Popularly known as the “Dixon Decree,” the case launched in 1974 lasted so long that all six of the city’s elected mayors have had a hand in it one way or another.

The city has improved dramatically and expanded its community-based facilities for thousands of people needing short-term or long-term mental health services. Advocates praised all the progress but said the city still needs to do more for the chronically homeless and incarcerated, many of whom suffer from mental illnesses.

• Traffic snarls. Did you ever wonder why traffic snarls so badly during snow and thunderstorms? Well, actually there are several reasons. But we were surprised to learn last week that only 20 percent of the thousands of traffic signals in the Washington region have backup power for use in emergencies. And about one-fourth of those depend on generators.

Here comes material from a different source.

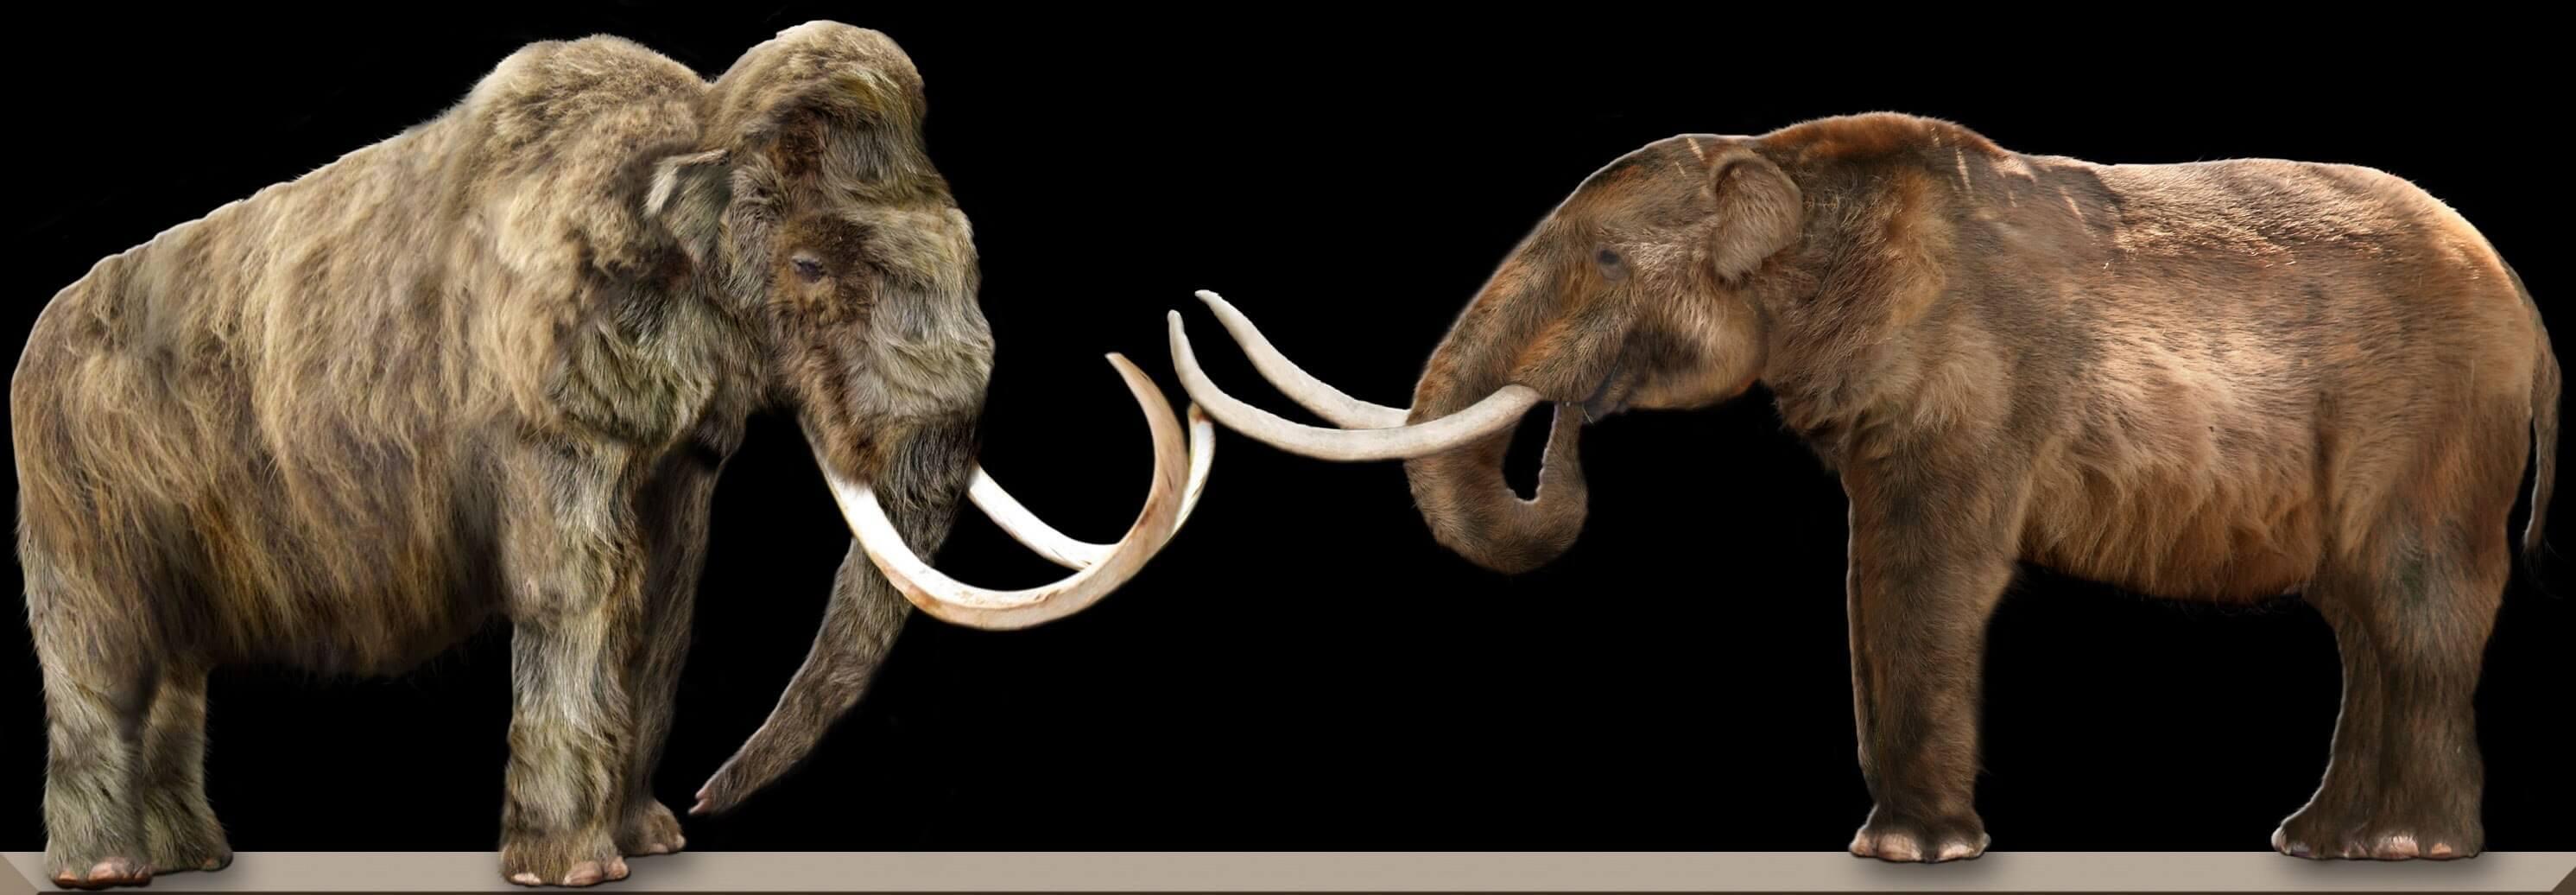 antepasados de los elefantes

“We’ve looked at all these signals and, on average, 20 percent of them have backup power now,” said Ron Kirby, director of transportation for the Metropolitan Washington Council of Governments. “Five percent have generators that have to be taken out and [activated], so they can’t be used right away.”

So Kirby says if motorists are looking for traffic signal consistency, they won’t find it. “If you’re looking [at] critical intersections … for a major weather event or evacuation … we can’t say that we have all of the main intersections taken care of.”

Transportation officials say they’re working to identify the most important traffic signals and helping to find money to get those traffic lights ready to do what we all want them to do: work in emergencies.

Along with signals that work in snowstorms, we’d like to see police or traffic-control aides deployed at major intersections. We all know that people here can drive crazily when snow falls -- or even just when it rains. Someone needs to impose a little order.

And it seems a real traffic-control plan for the region would coordinate signals on major roadways and bridges. It also seems that the local governments -- with their emergency teams, transportation officials, public works crews and press officers -- ought to work together when a natural emergency occurs. It would be good practice should there ever be a public safety incident of more sinister intentions.